What is the basis for that trust? Classified documents, we are told, that prove the case for retroactive immunity beyond a shadow of a doubt. But we’re not allowed to see them! I’ve served in this body for 27 years, and I’m not allowed to see them! Neither are a majority of my colleagues. We are all left in the dark. I cannot speak for my colleagues—but I would never take “trust me” for an answer, not even in the best of times. Not even from a President on Mount Rushmore.
I can’t put it better than this: “‘Trust me’ government is government that asks that we concentrate our hopes and dreams on one man; that we trust him to do what’s best for us. My view of government places trust not in one person or one party, but in those values that transcend persons and parties.”
Those words were not spoken by someone who took our nation’s security lightly, Mr. President.
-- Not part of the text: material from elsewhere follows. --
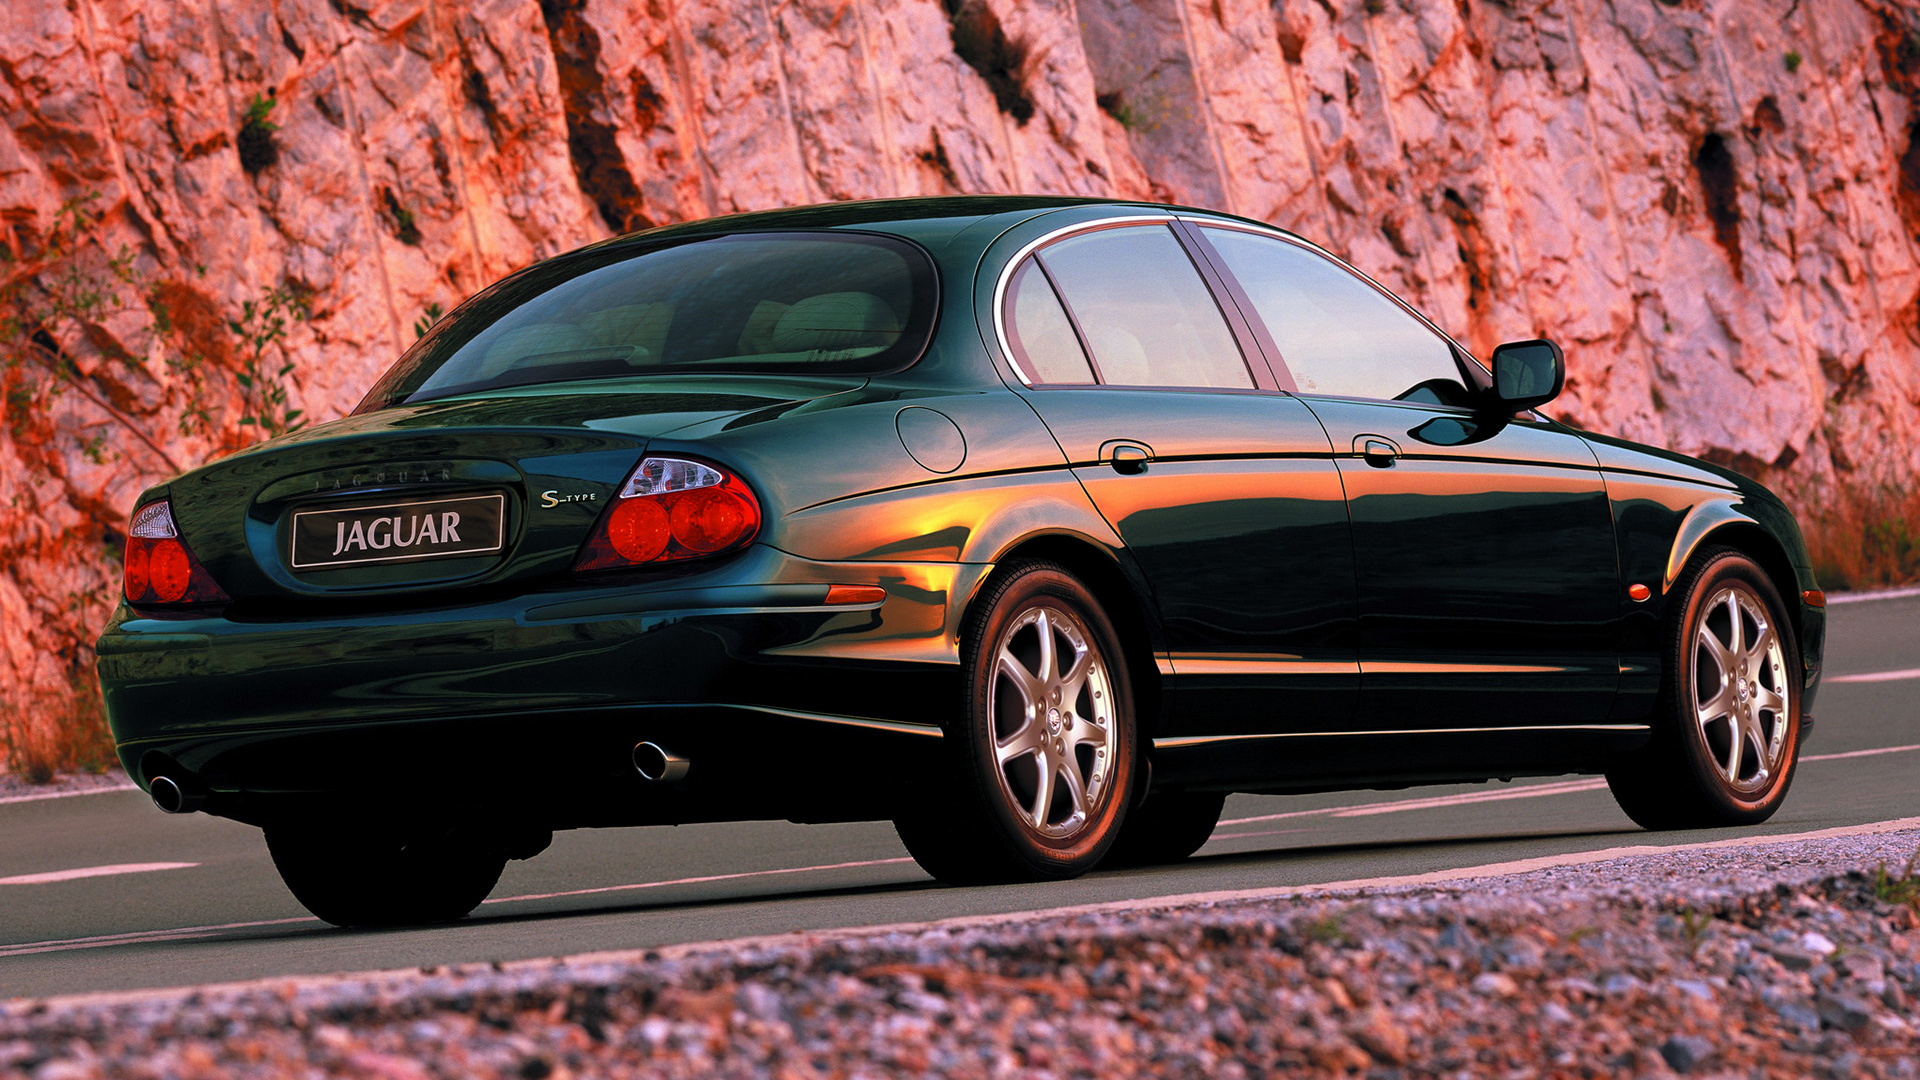 Jaguar S-Type (1999) Wallpapers and HD Images - Car Pixel

They were spoken by Ronald Reagan — in 1980. They are every bit as true today, even if times of threat and fear blur our concept of transcendent values. Even if those who would exploit those times urge us to save our skins at any cost.
We once had a Republican president who understood that blind faith in the president was unpatriotic. Not only do few Republicans understand that today, but it seems a lot of Democrats have forgotten it too.
Certifiably Misleading
The FISA “compromise” I alluded to earlier today has now been released. I haven’t yet had time to analyze the text of the bill, but one thing that’s clear from the accompanying summary is that the immunity provisions are as bad as civil libertarians feared. Here’s Steny Hoyer’s summary of the “improvements” to the immunity language:
This new standard [for granting immunity] provides for meaningful review by the District Courts, where the cases are currently pending, of whether companies received written directives from the government requesting post‐9/11 assistance.
It seems to me that this misses the point rather badly. Under our system of government, searches are conducted pursuant to warrants or other court orders. This is an important check on the executive branch’s surveillance powers because it ensures an independent magistrate will review any surveillance activity and block those that aren’t conducted pursuant to the law.
To treat a “written directive from the government” as a substitute for a court order is to abandon this fundamental principle. Once we accept the premise that the executive branch can “authorize” surveillance without judicial oversight, the standard of review for analyzing the resulting “written directives” is entirely beside the point. I don’t care if the Bush administration wrote letters to telecom companies “certifying” that participation in the warrantless spying programs was legal. That’s not how the law works. These are large companies with plenty of lawyers on staff who know this area of law as well as anyone in the executive branch. They could and should have done what Qwest’s former CEO says he did and told the Bush administration to come back when they had a relevant FISA warrant.
It’s a safe bet that no matter what “standard of review” is chosen, the courts will find that the companies did, indeed, act pursuant to a “certification” from the executive branch. Therefore, directing the courts to dismiss the lawsuits if the companies can produce such a “certification” is functionally no different from no-questions-asked immunity. It will mean no real consequences for breaking the law, and no real incentive for companies to be more careful about following the law in the future.